### Collected material

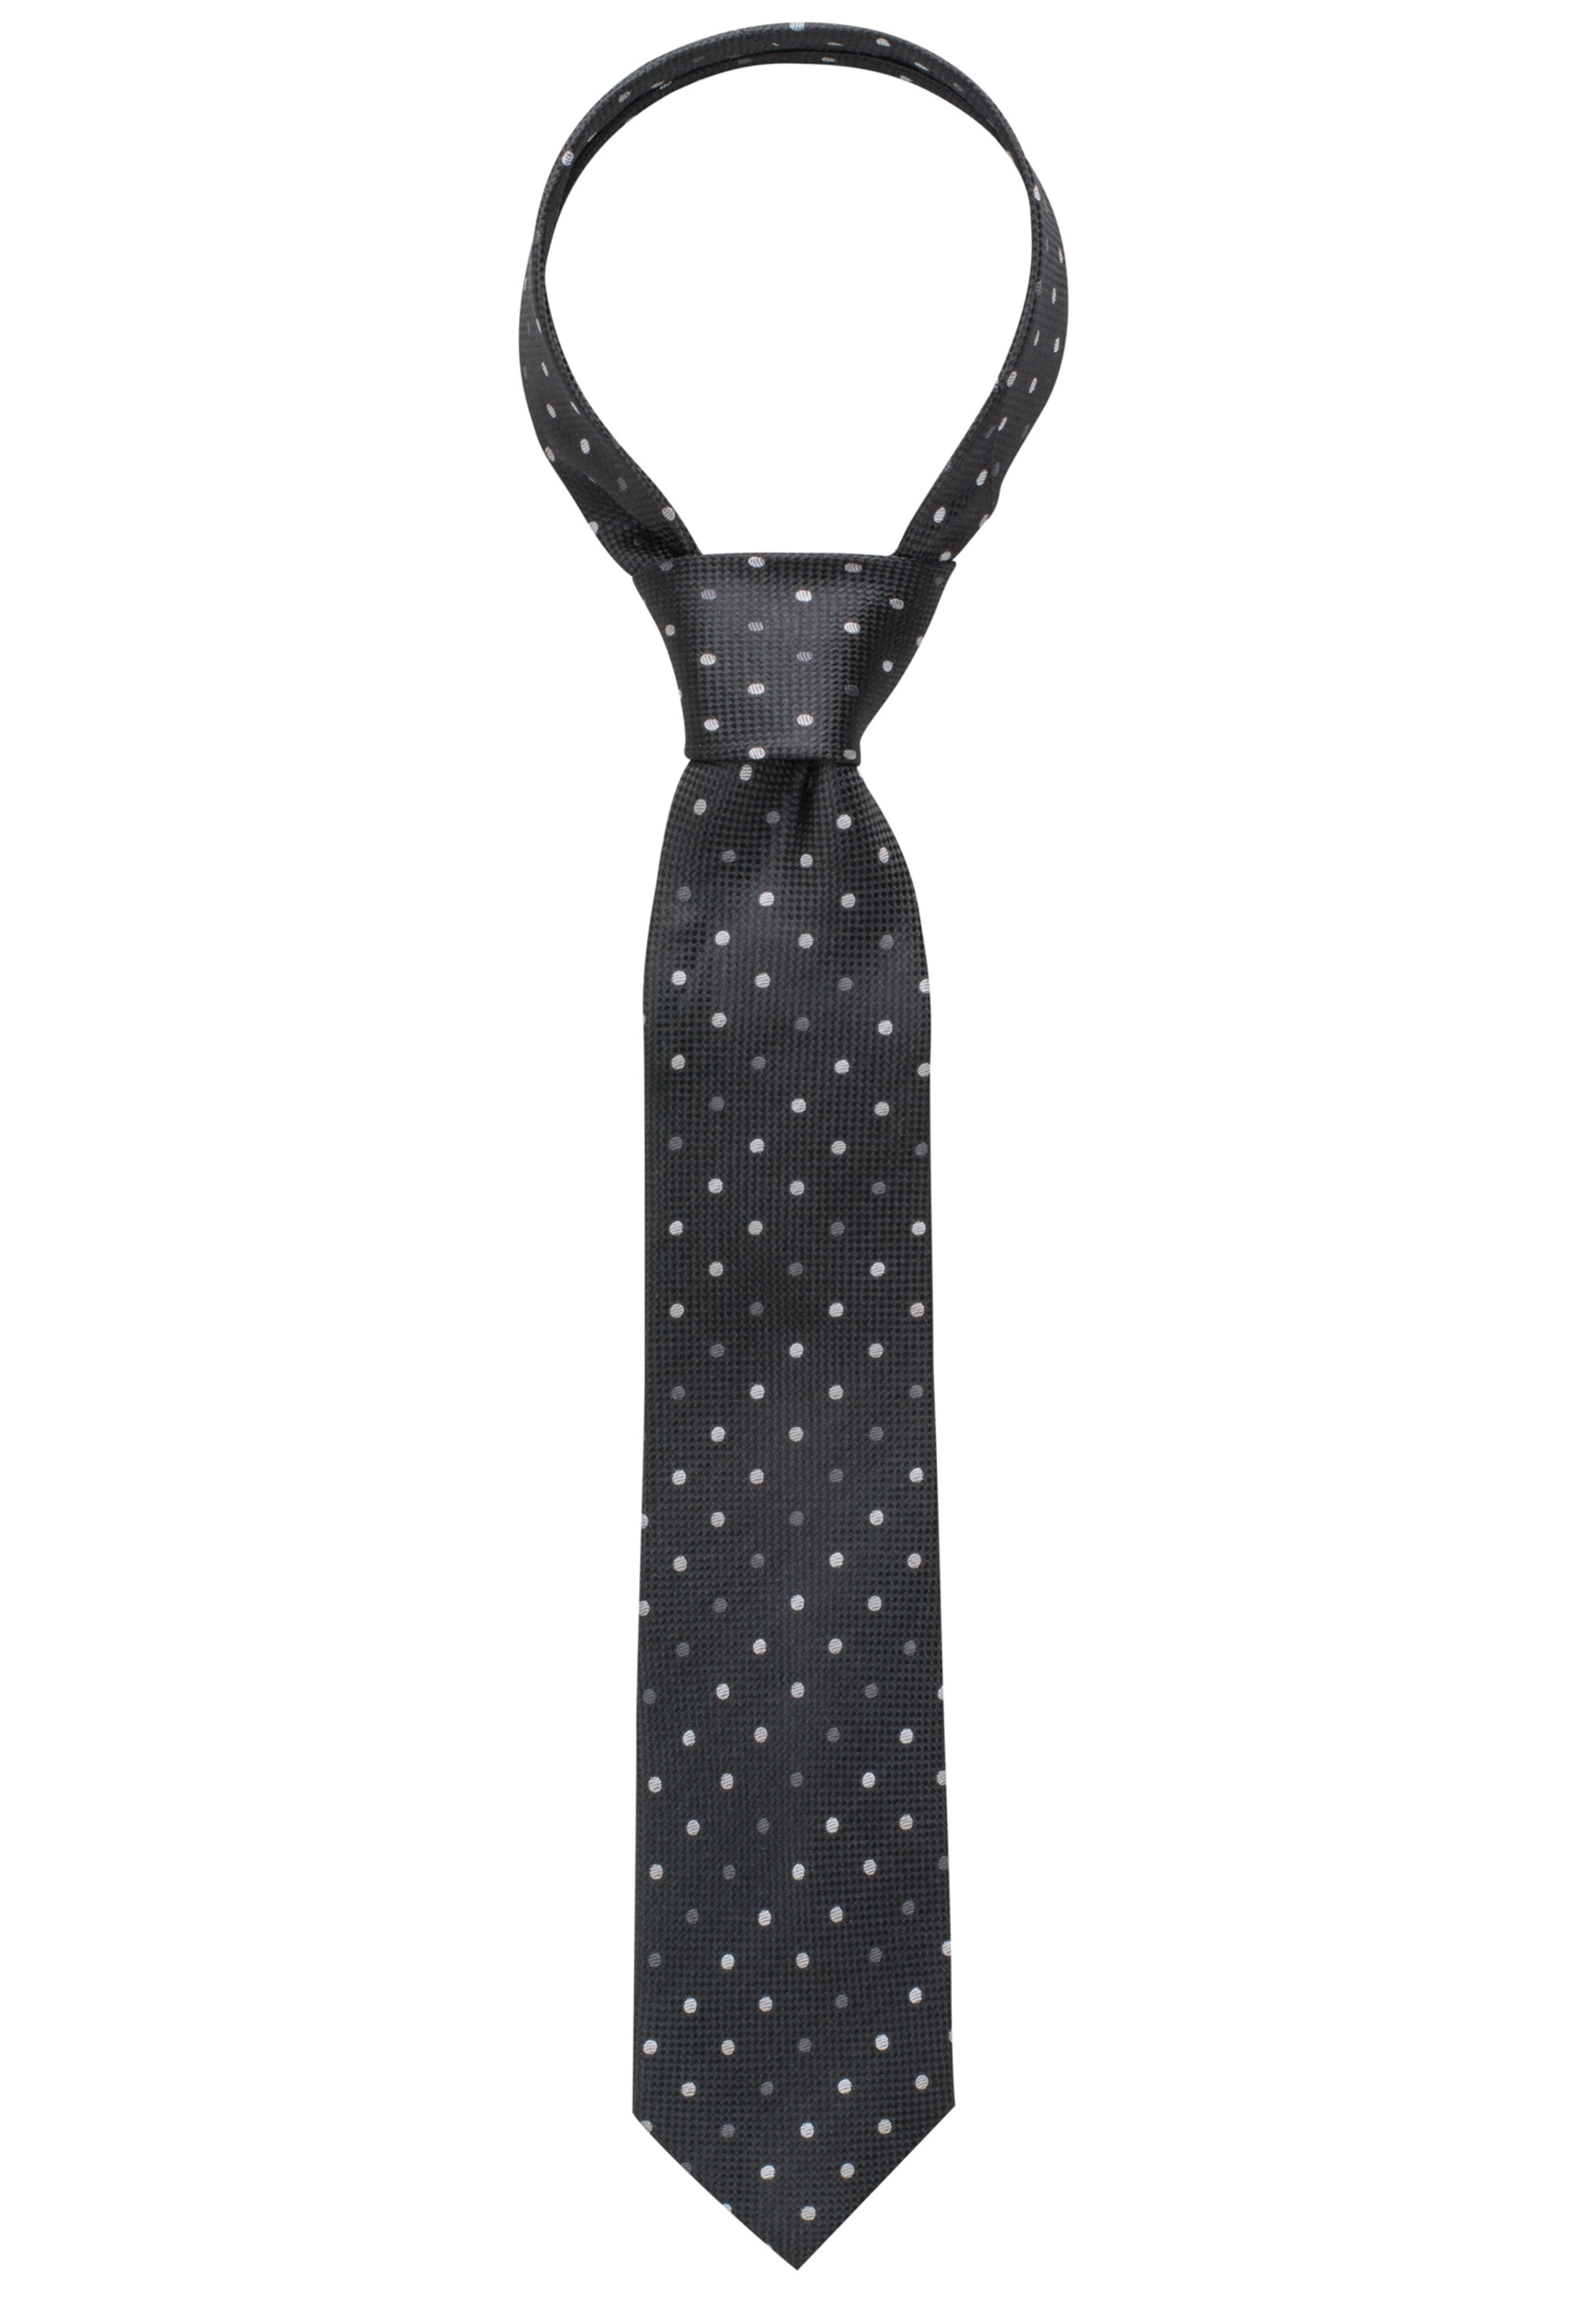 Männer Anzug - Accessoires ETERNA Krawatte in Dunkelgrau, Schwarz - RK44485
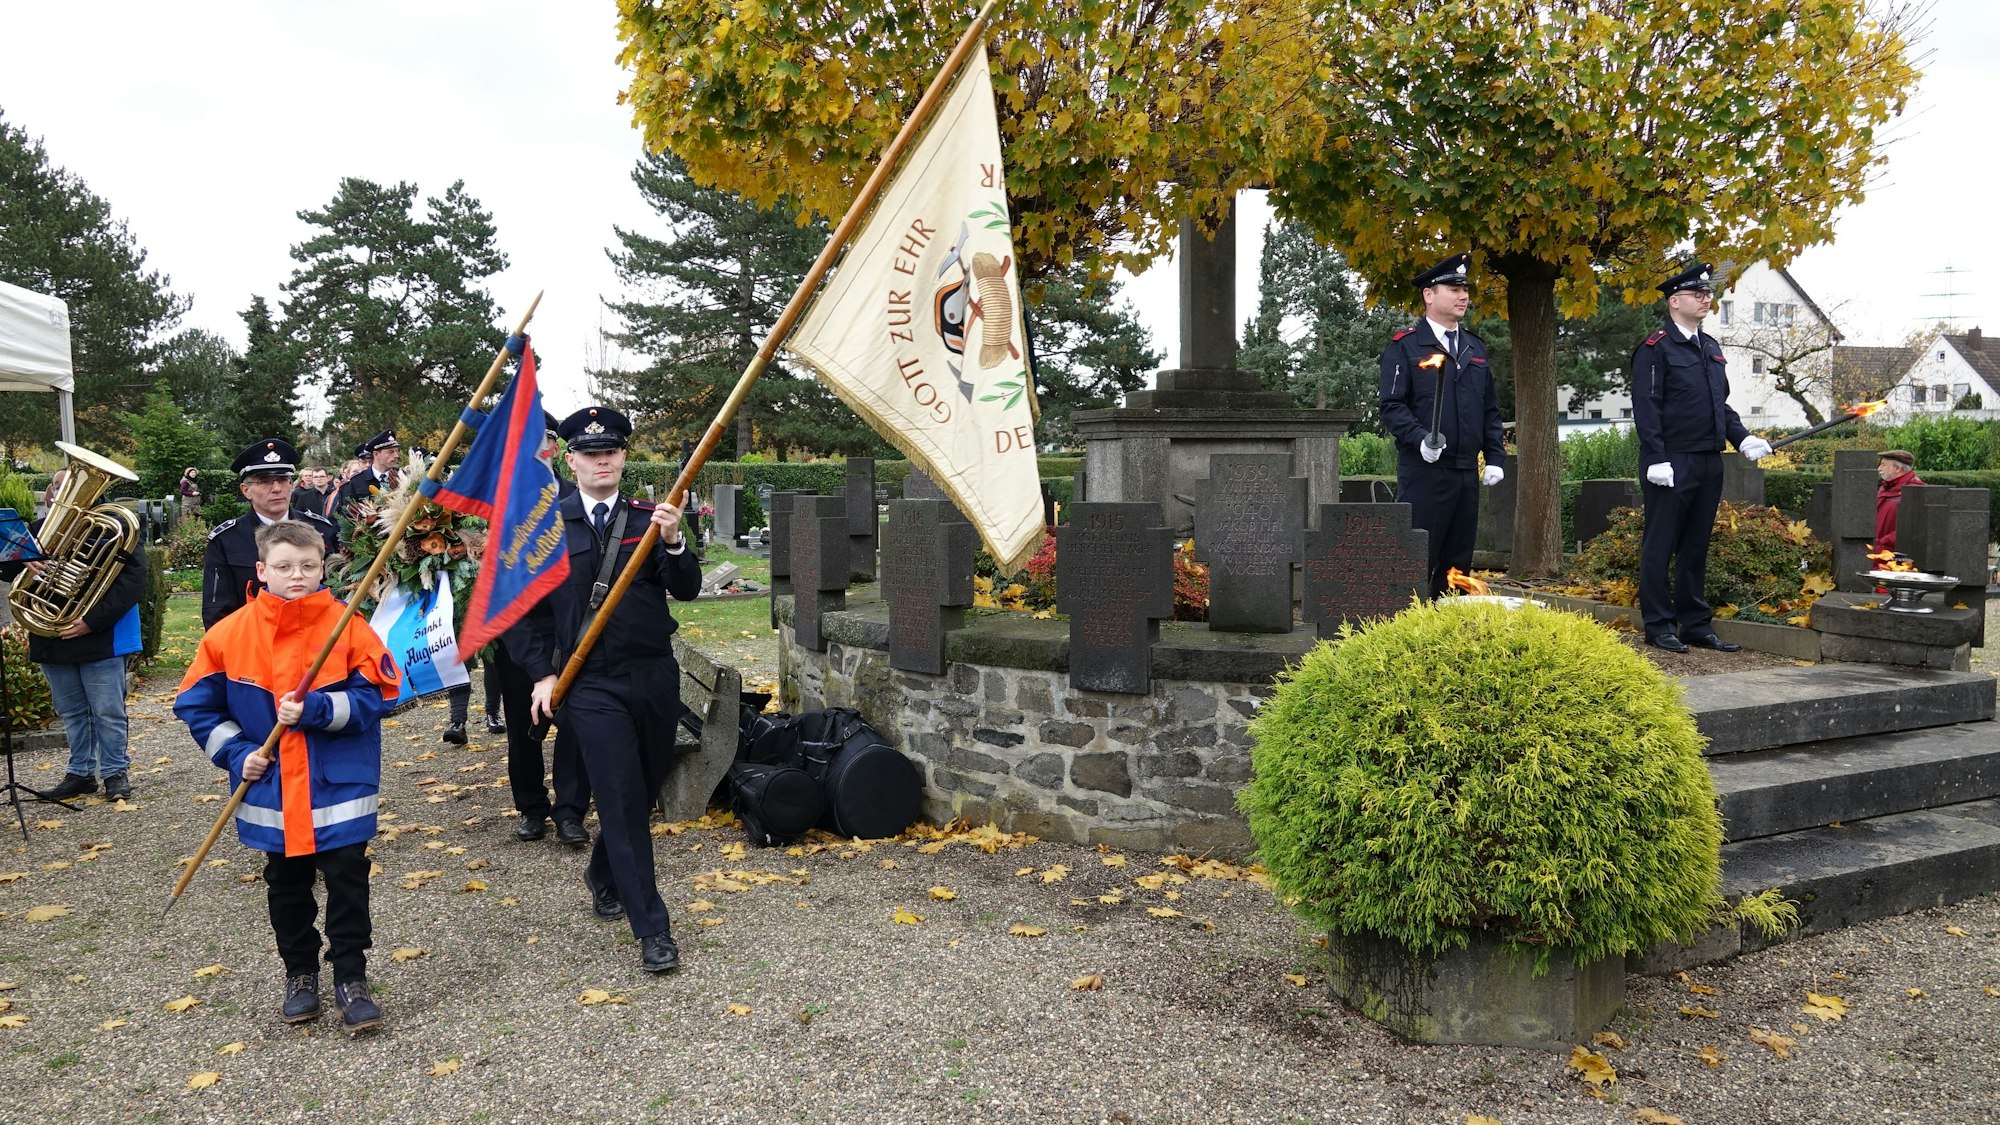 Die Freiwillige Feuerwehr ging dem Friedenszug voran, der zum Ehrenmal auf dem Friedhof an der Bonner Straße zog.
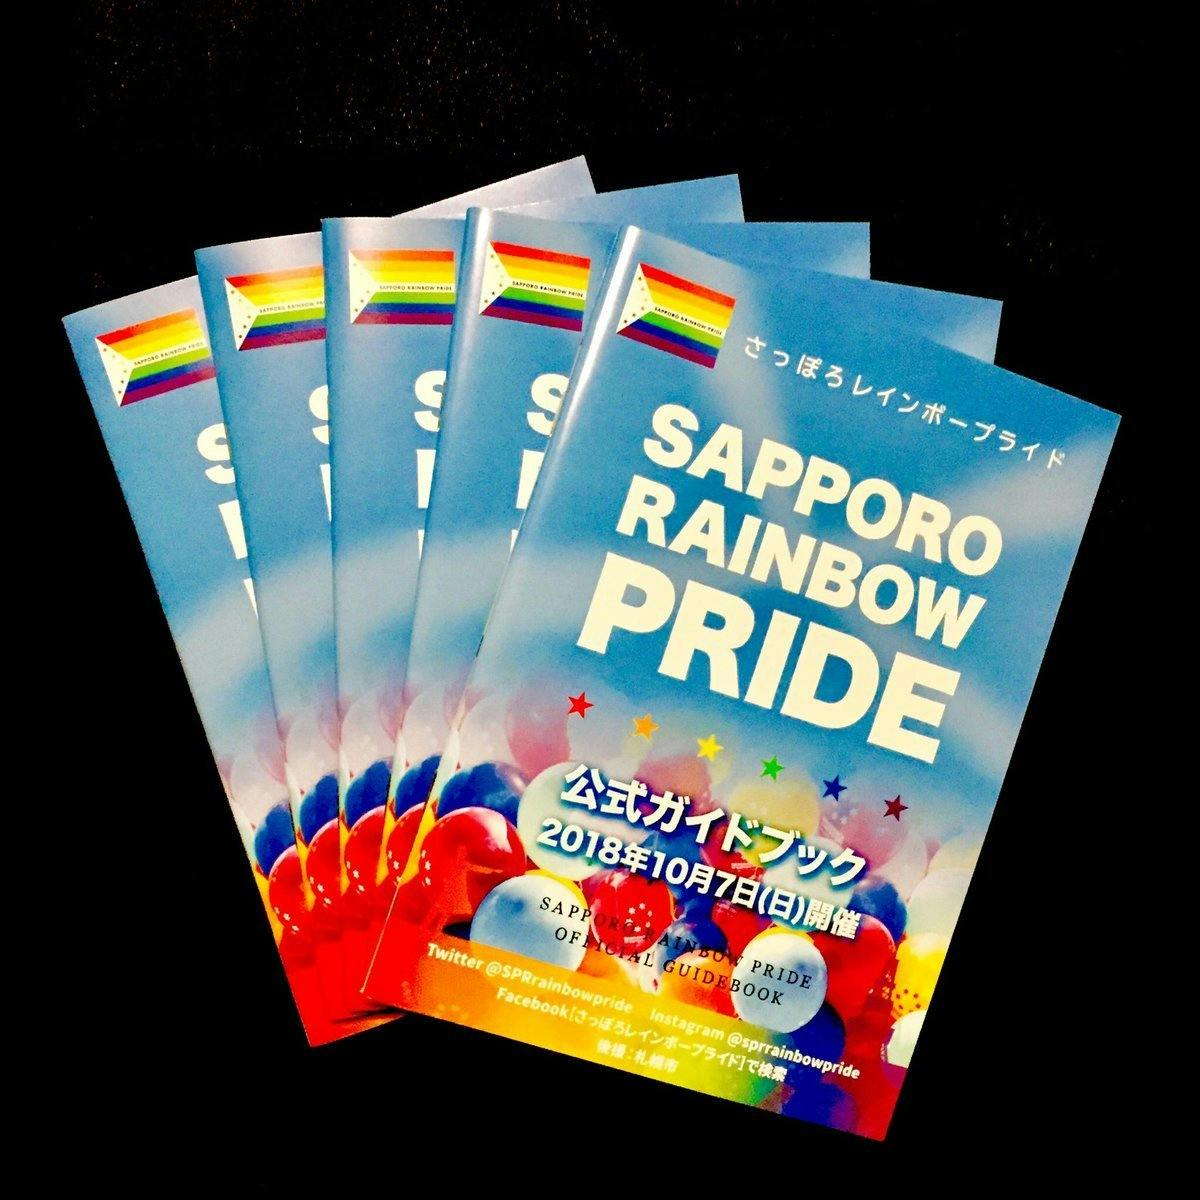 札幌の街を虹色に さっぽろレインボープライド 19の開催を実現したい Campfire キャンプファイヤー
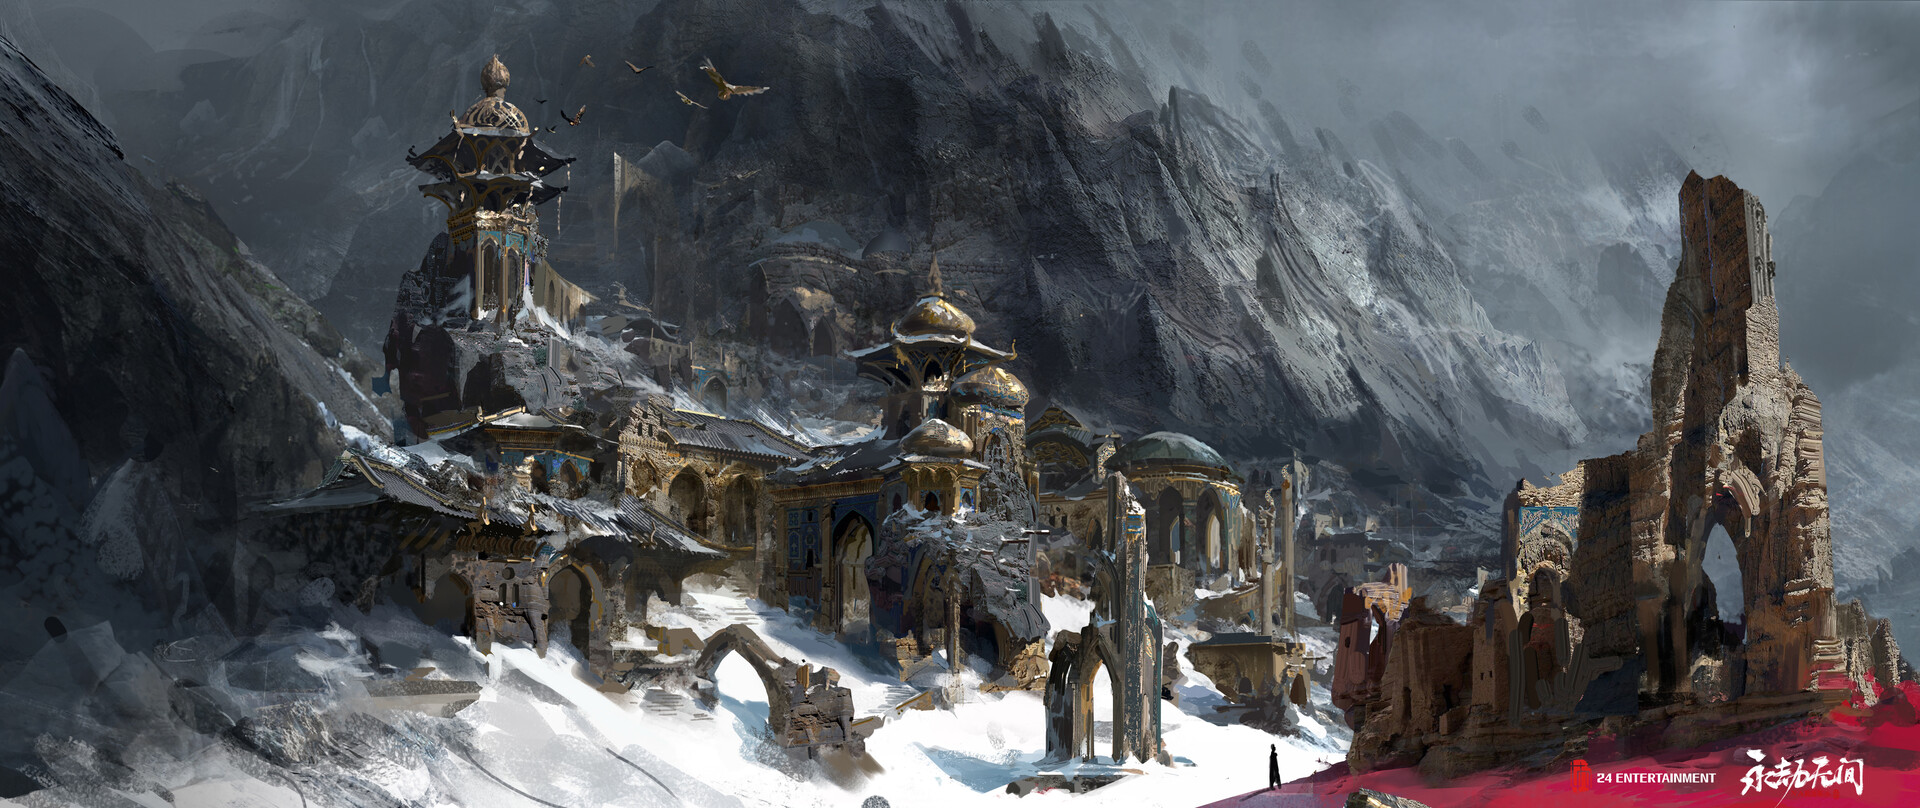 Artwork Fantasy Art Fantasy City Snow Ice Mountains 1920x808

### Exercise prompt
Here the job is to quote the lines from the one with "札幌の街を虹色に さっぽろレインボープライド 19の開催を実現したい" through the end of the material, both included, exactly; please skip the pictures.

### Your solution
 札幌の街を虹色に さっぽろレインボープライド 19の開催を実現したい Campfire キャンプファイヤー
 Artwork Fantasy Art Fantasy City Snow Ice Mountains 1920x808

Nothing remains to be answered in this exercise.